_WHAT THE TASK ASKS_. When you write out the listing below, keep each word exactly as it stands and drop the pictures.

*** EXERCISE DATA Section Begins ***

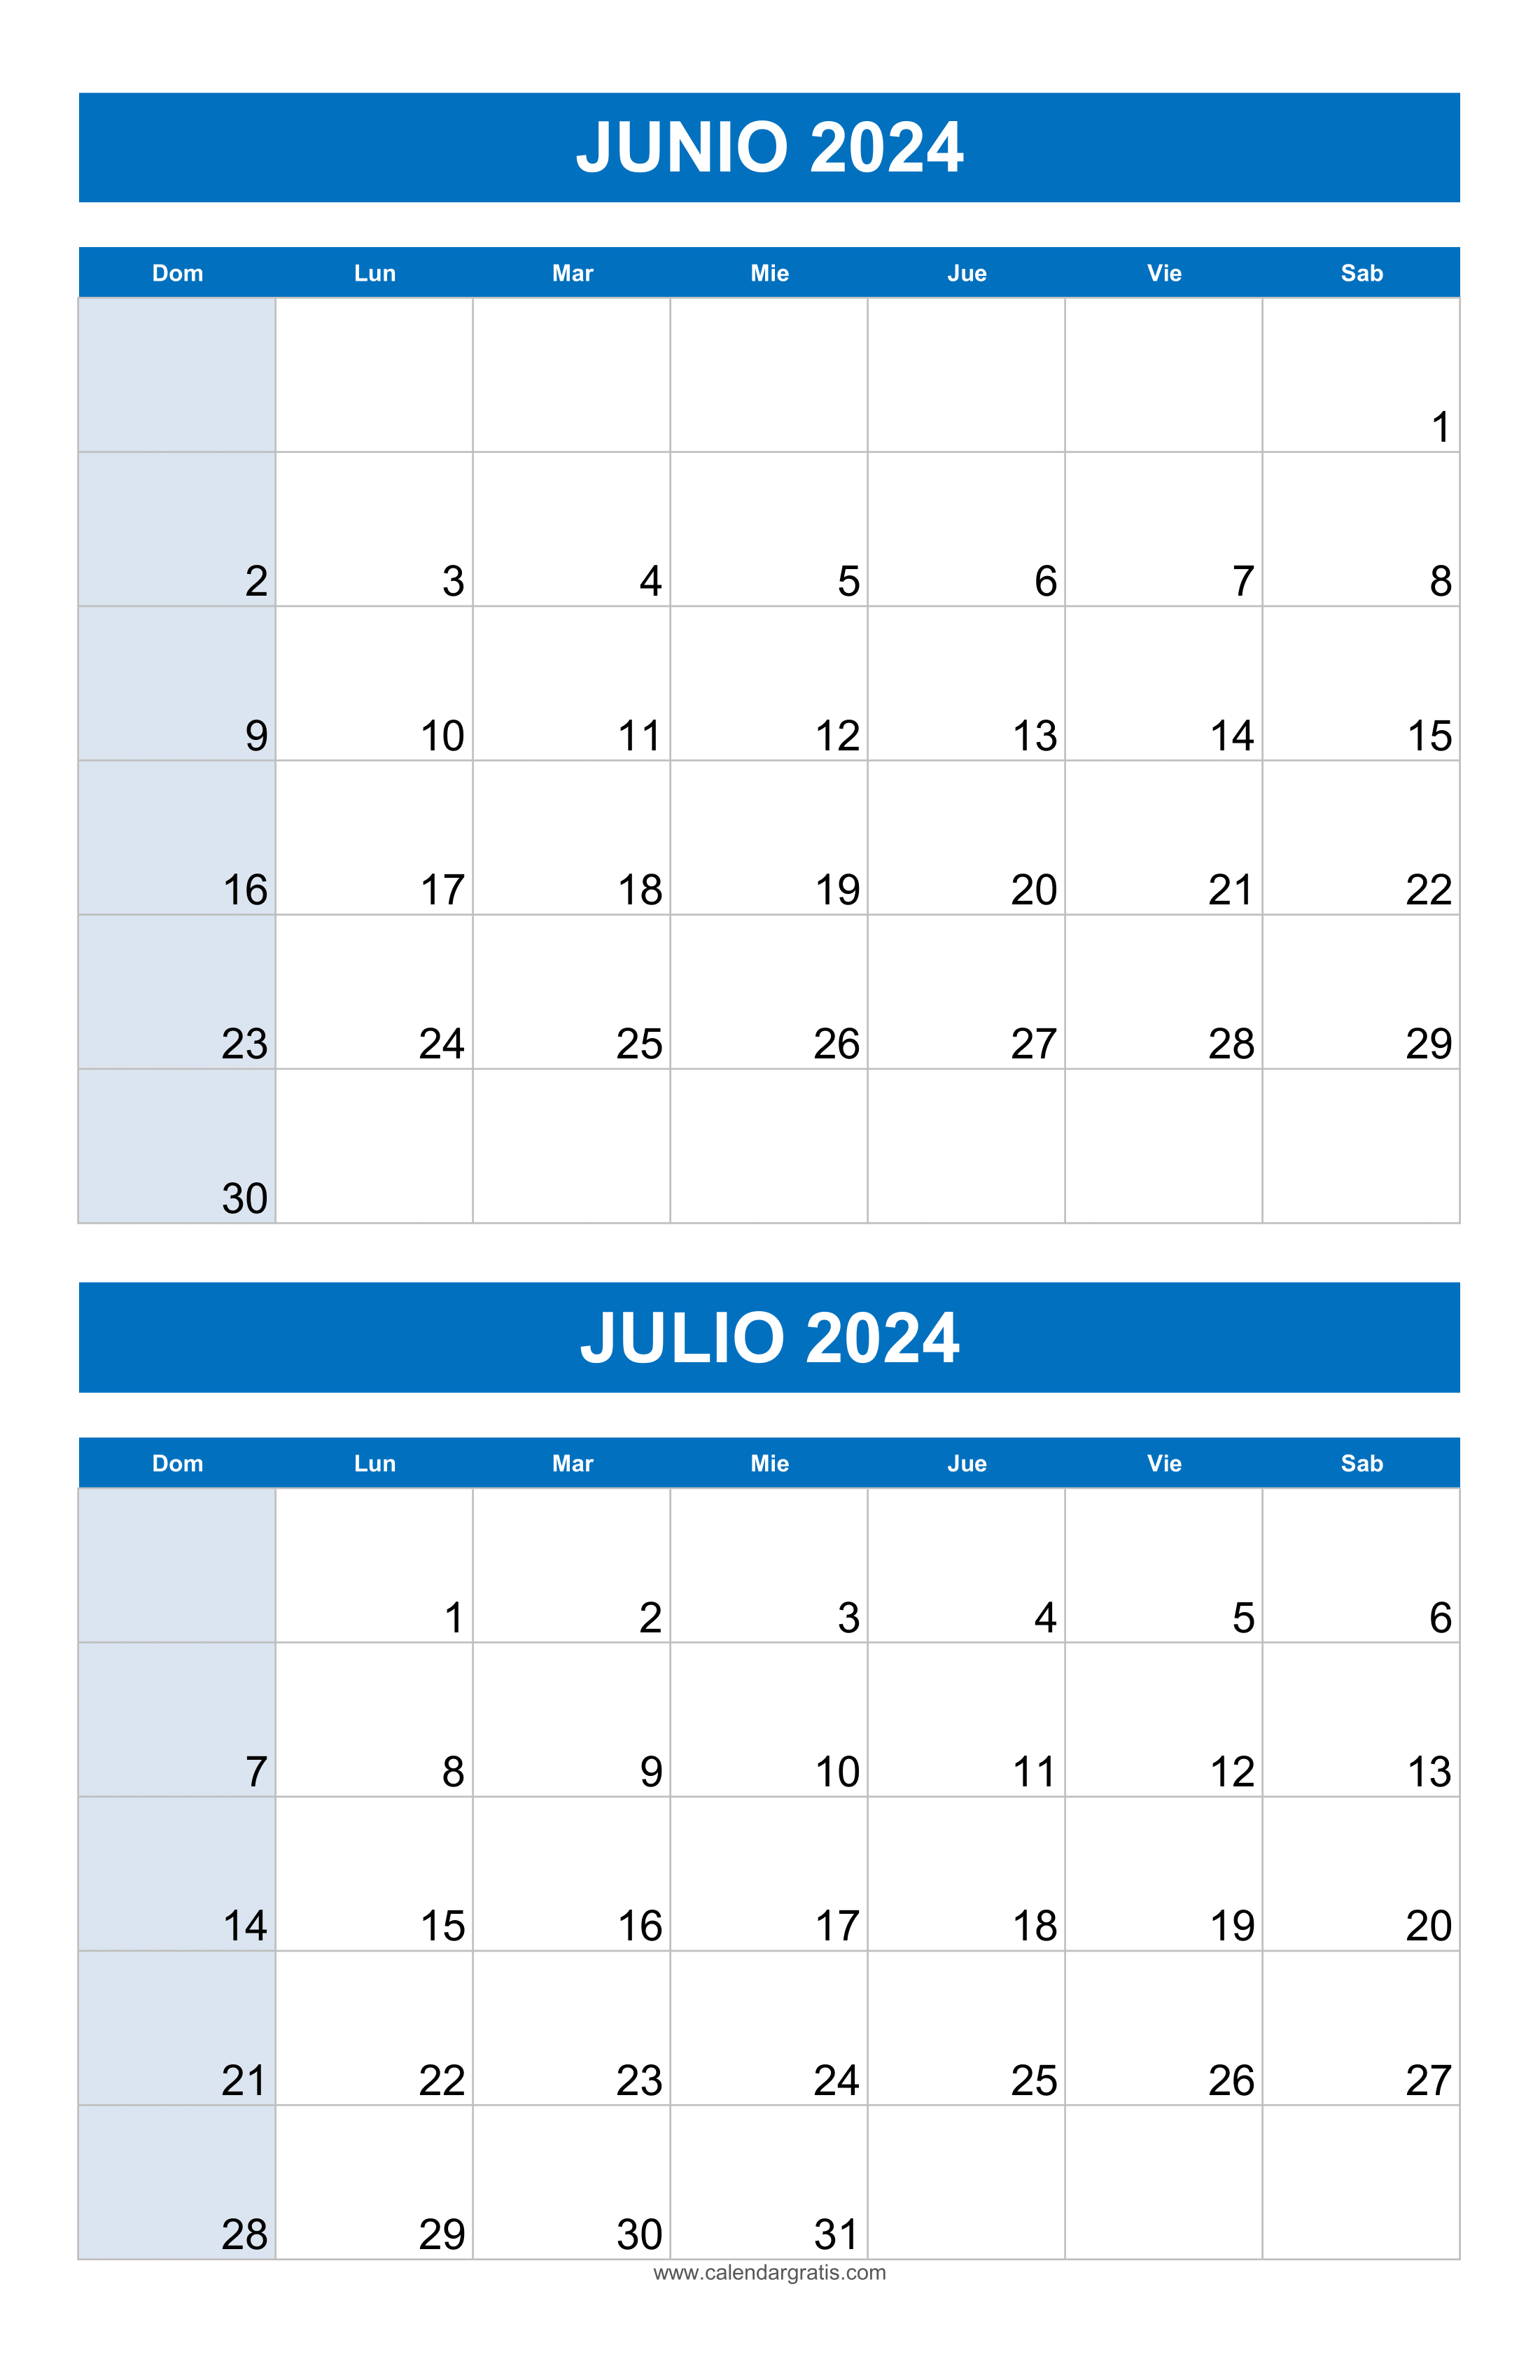 Calendario Junio y Julio 2024 Para Imprimir
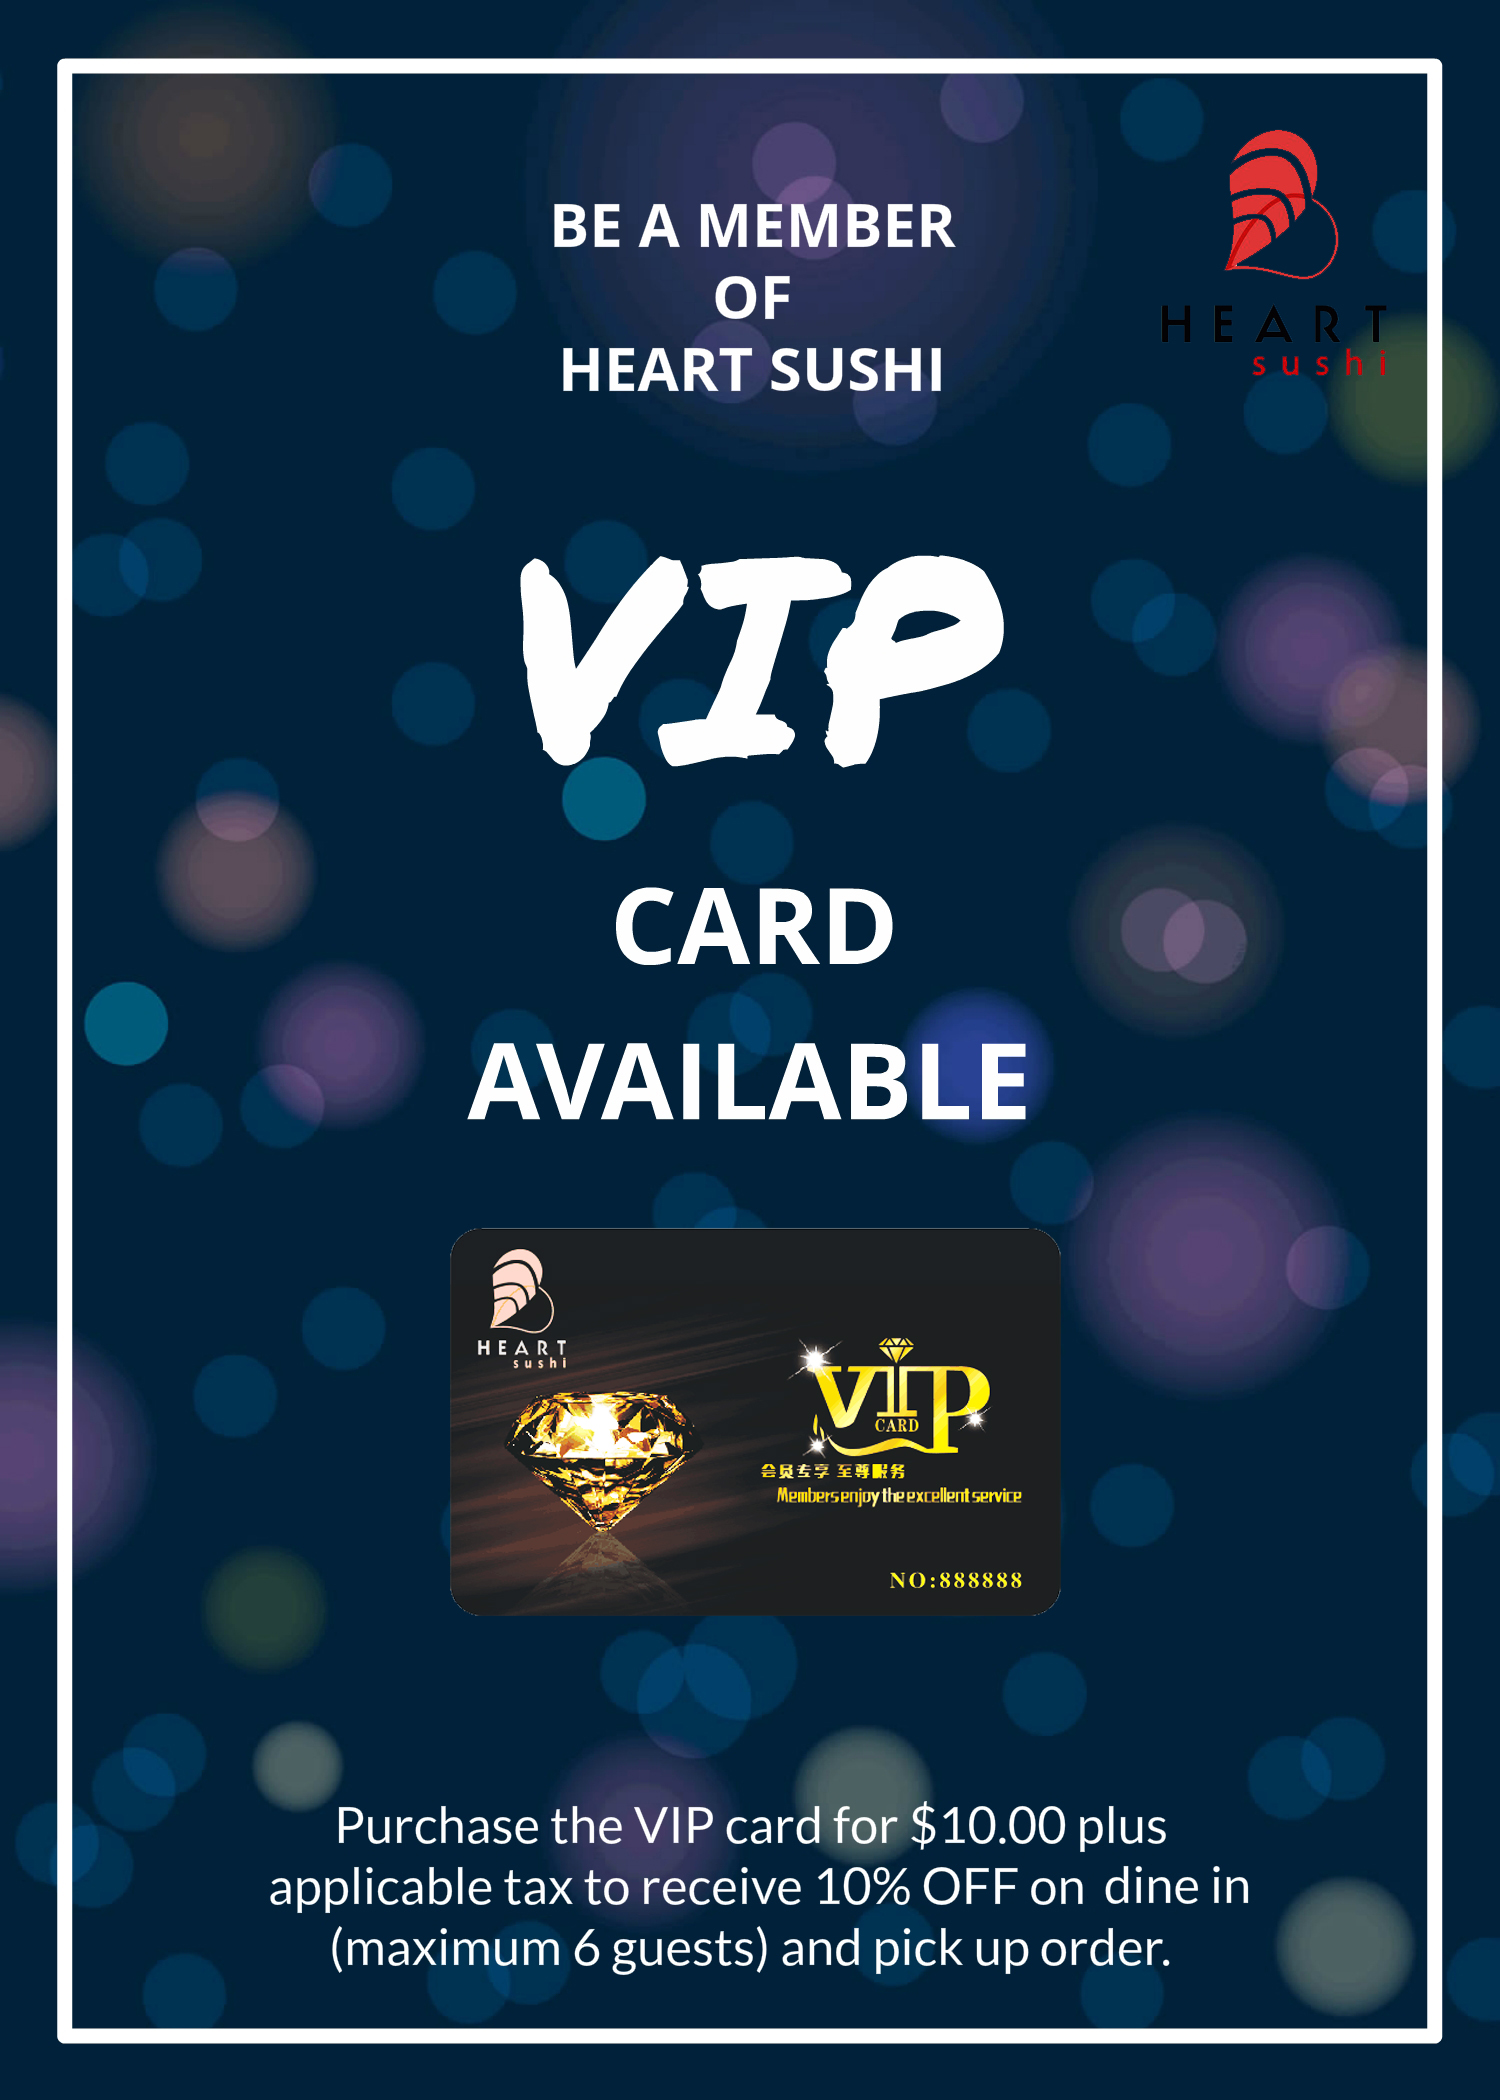 mississauga-heartsushi-vip-card.jpg
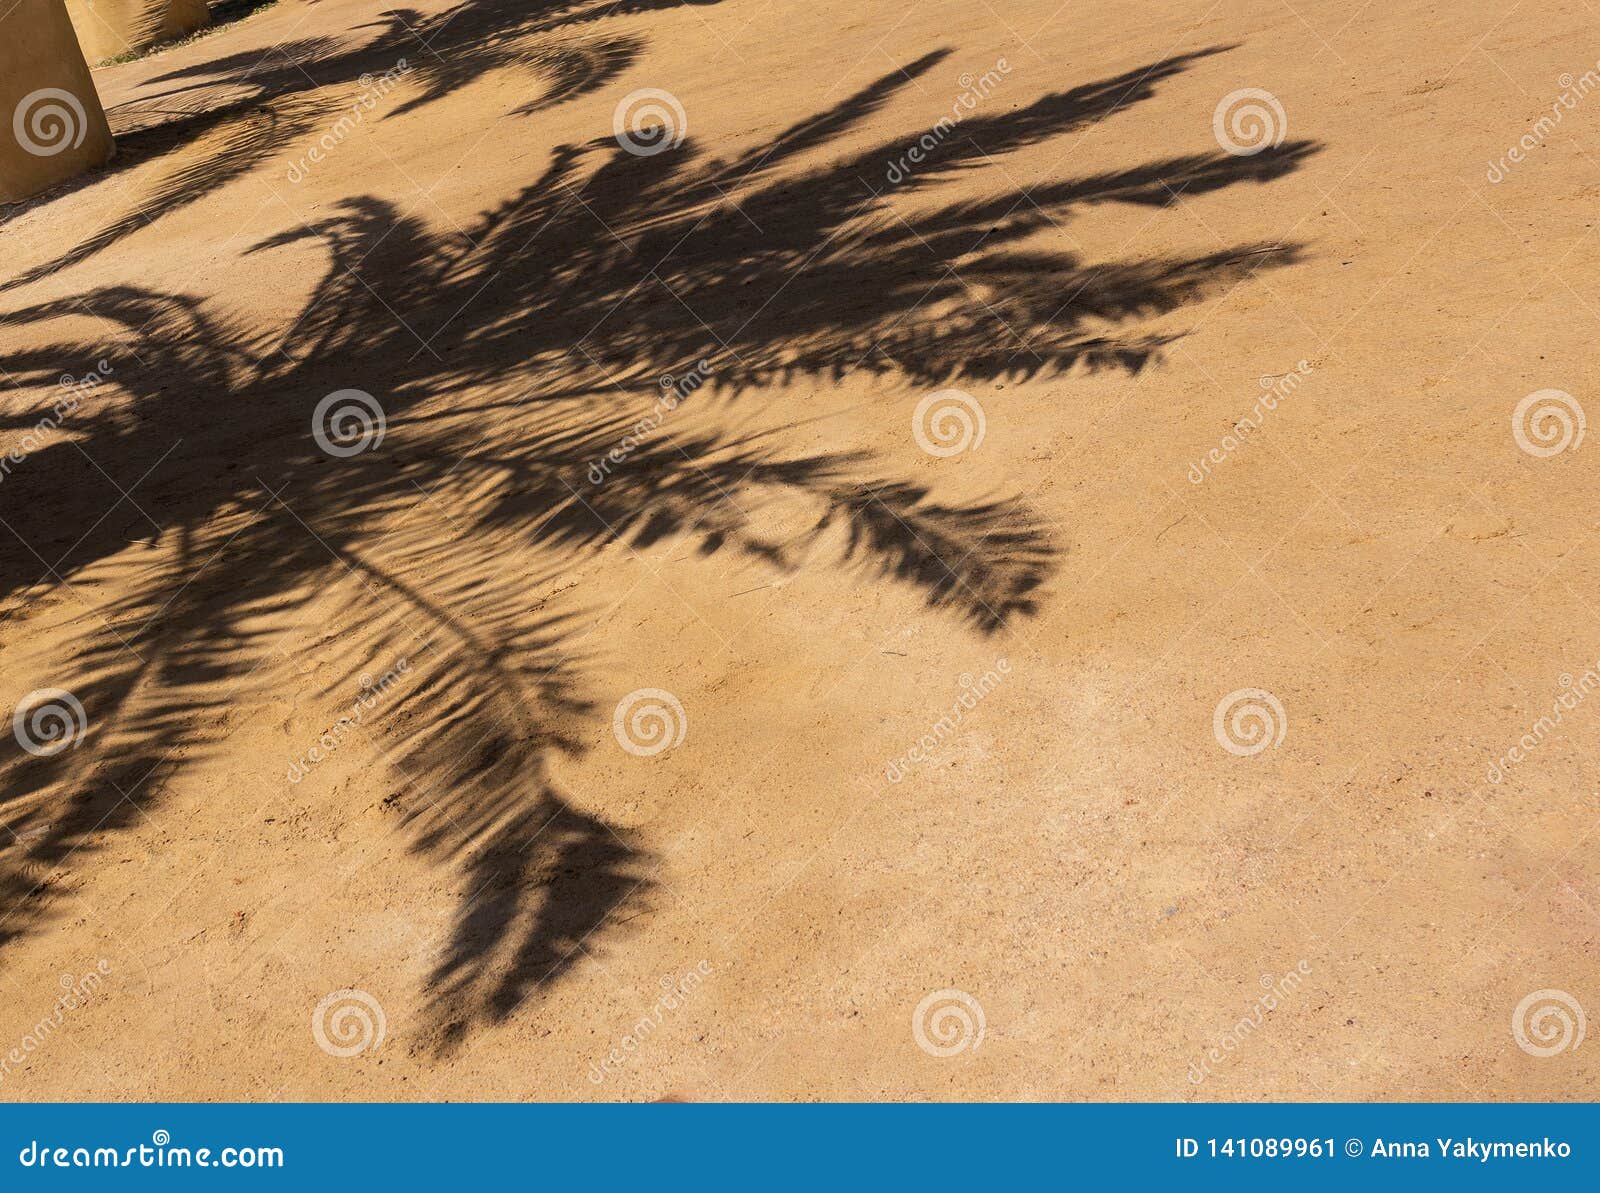 Тени от пальм текст. Тень от пальмы. Тень от пальмы на песке. Тень от пальмы на пляже. Лист пальмы на песке тень.

*** EXERCISE DATA Section Ends ***

_SOLUTION FOR THIS EXERCISE_.
 Calendario Junio y Julio 2024 Para Imprimir
 mississauga-heartsushi-vip-card.jpg
 Тени от пальм текст. Тень от пальмы. Тень от пальмы на песке. Тень от пальмы на пляже. Лист пальмы на песке тень.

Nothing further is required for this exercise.